Consistency means ensuring that the results of a transaction are 
reproducible and predictable. The transaction must always give the same 
results in the same conditions. This is achieved by program and code 
design, using such techniques as reusability and reentrancy to ensure that 
the same code is executed at each invocation of a transaction. An example 
of where particular care must be taken to ensure consistency is where two 
records are to be updated. Updating of a first record, followed by 
updating of a second record should have the same effect as updating of the 
second record, followed by updating of the first record, that is the order 
of the updates should not affect the end results achieved by the updates. 

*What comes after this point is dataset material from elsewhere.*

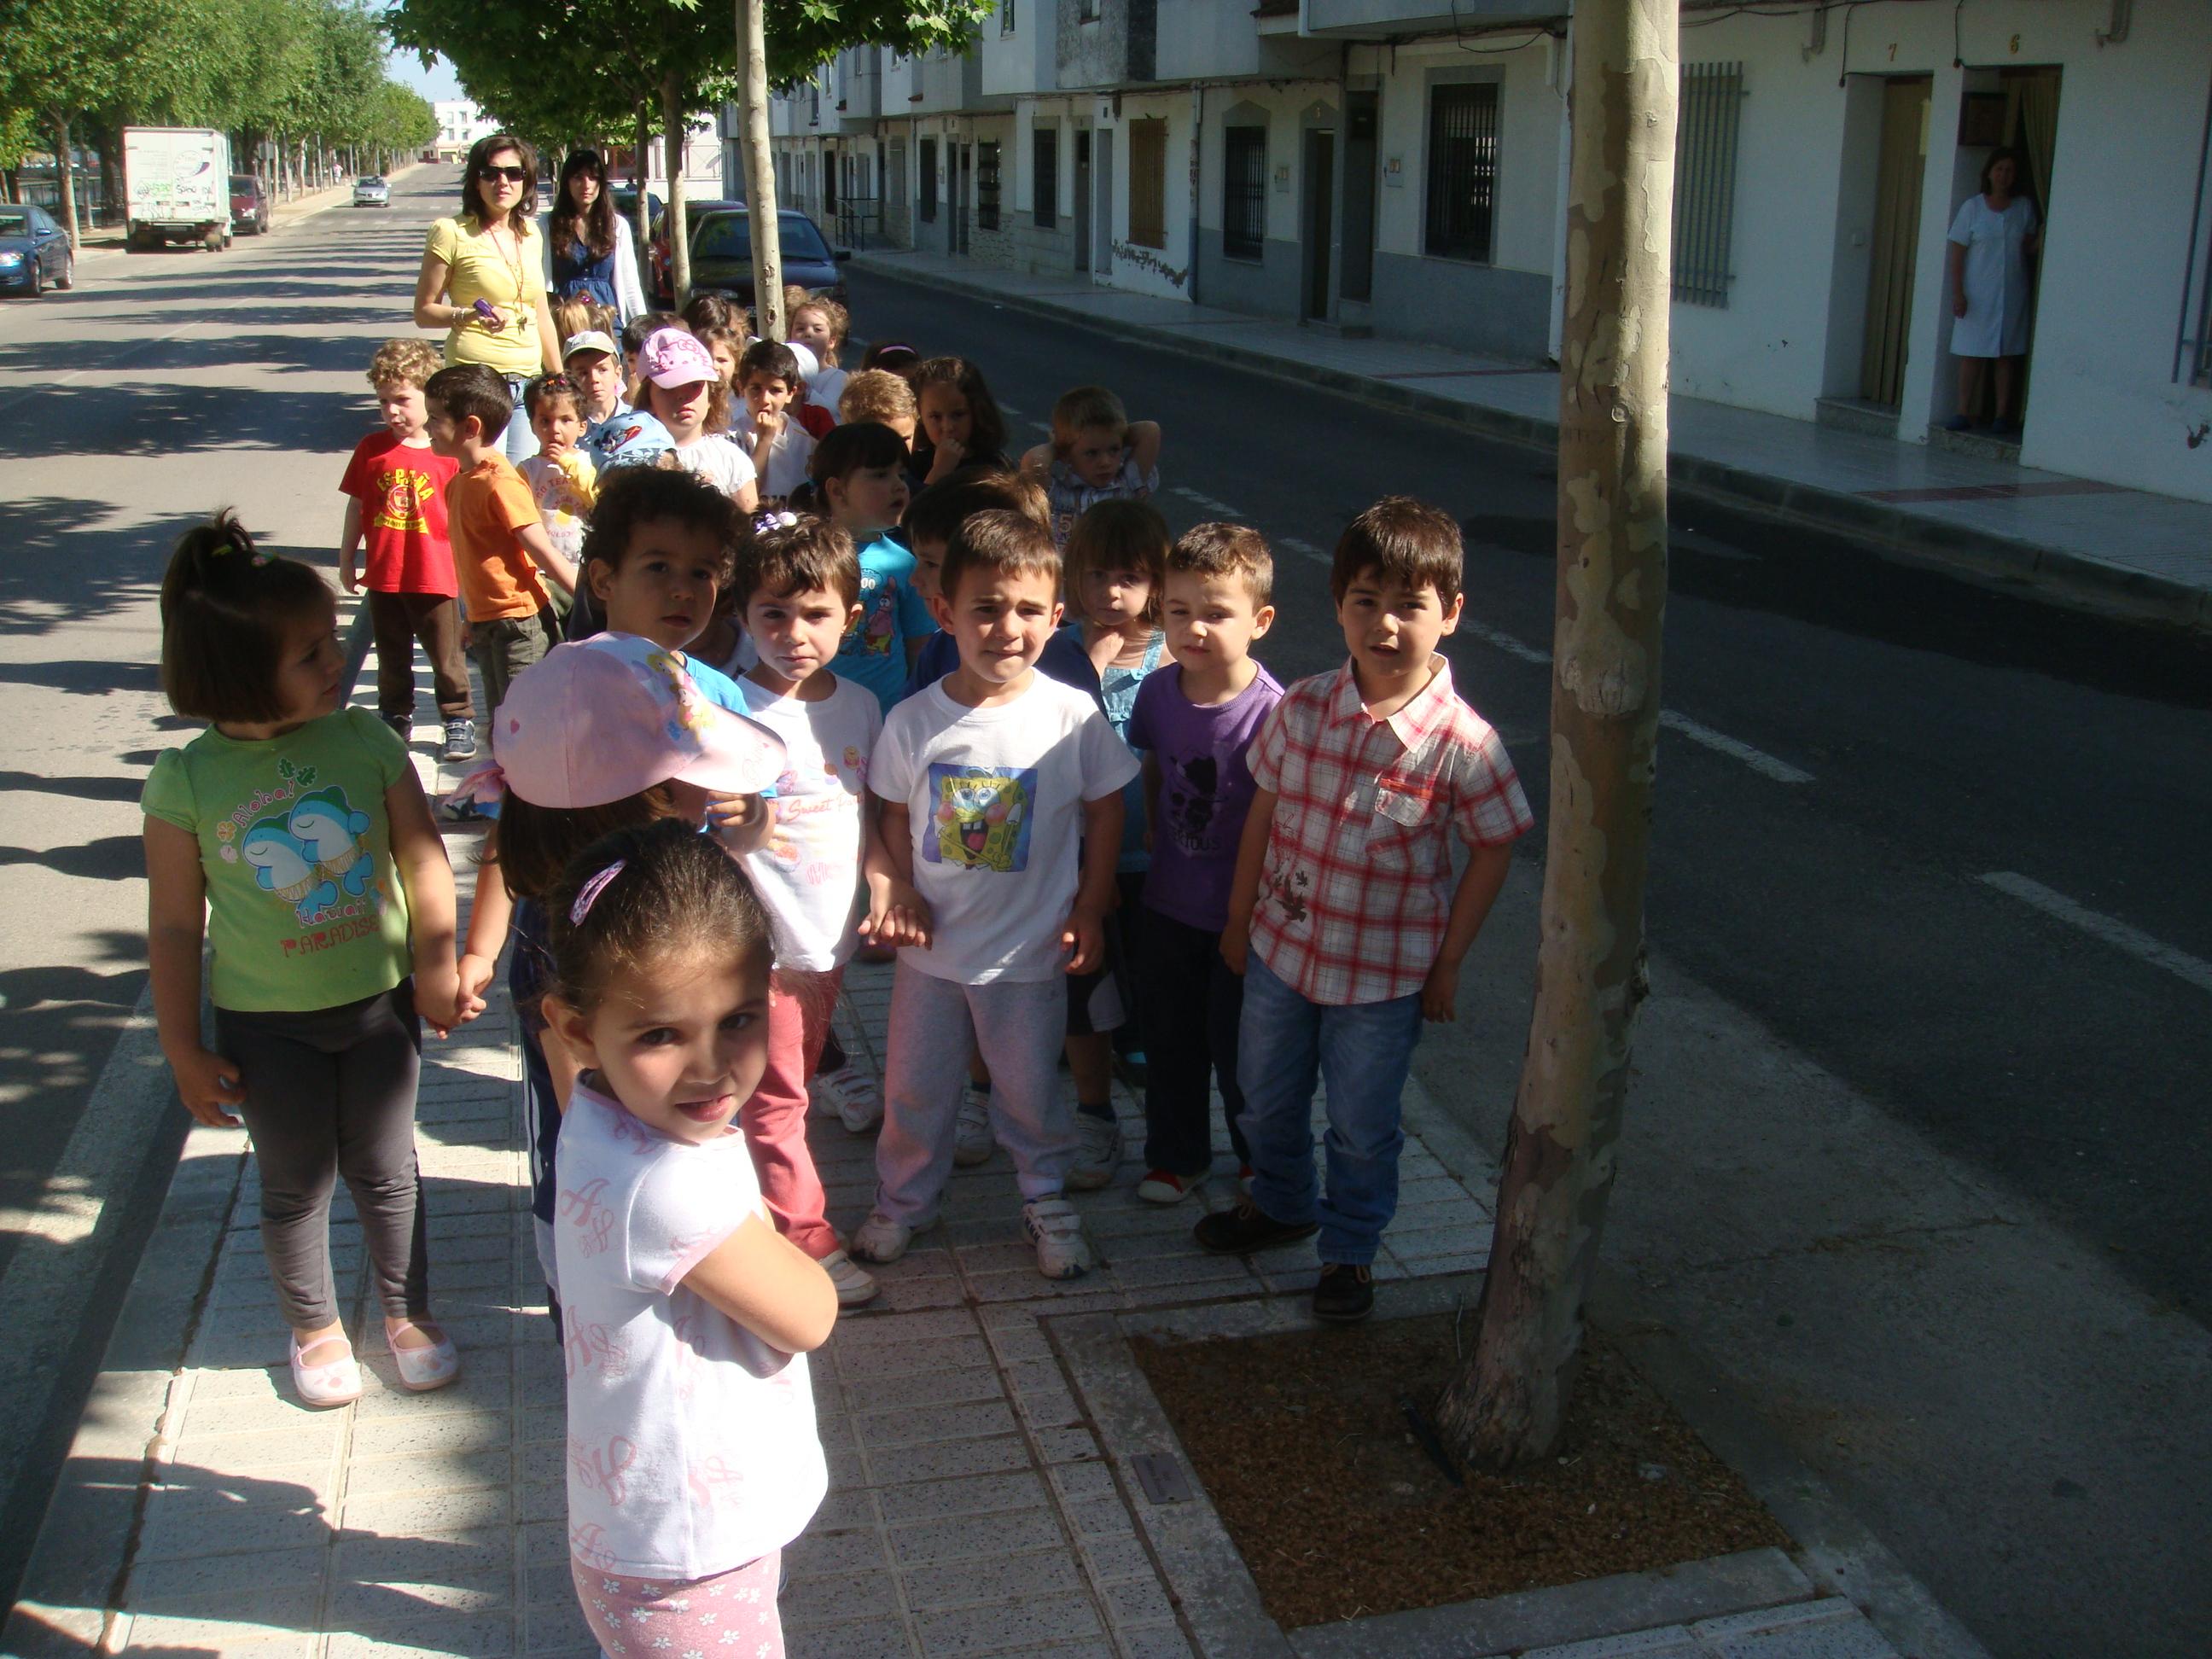 La semana cultural del colegio rinde homenaje a los bosques

Isolation means that no transaction must interfere with any 
concurrently executing transaction. This is achieved by concurrency 
control. Several concurrently running transactions can update different 
records in the same data set. An efficient means of sharing the dataset 
needs to be provided in order to allow this concurrent updating to occur. 
The same record must not be updated by two transactions at the same time, 
that is a transaction must complete an update on a record before any other 
transaction is allowed to start an update on that record. The use of 
locking as a method of sharing achieves concurrency control. A lock is a 
mechanism by which use of a resource is restricted to the holder of the 
lock. A transaction requests the lock for a data set or for a record of 
that data set from the resource manager of that data set. The mechanism 
by which the lock is implemented may be a flag associated with the data 
set or a flag associated with each record in the data set. Once a 
transaction receives that lock then no other transaction may update the 
data set or the record for which the lock was received. 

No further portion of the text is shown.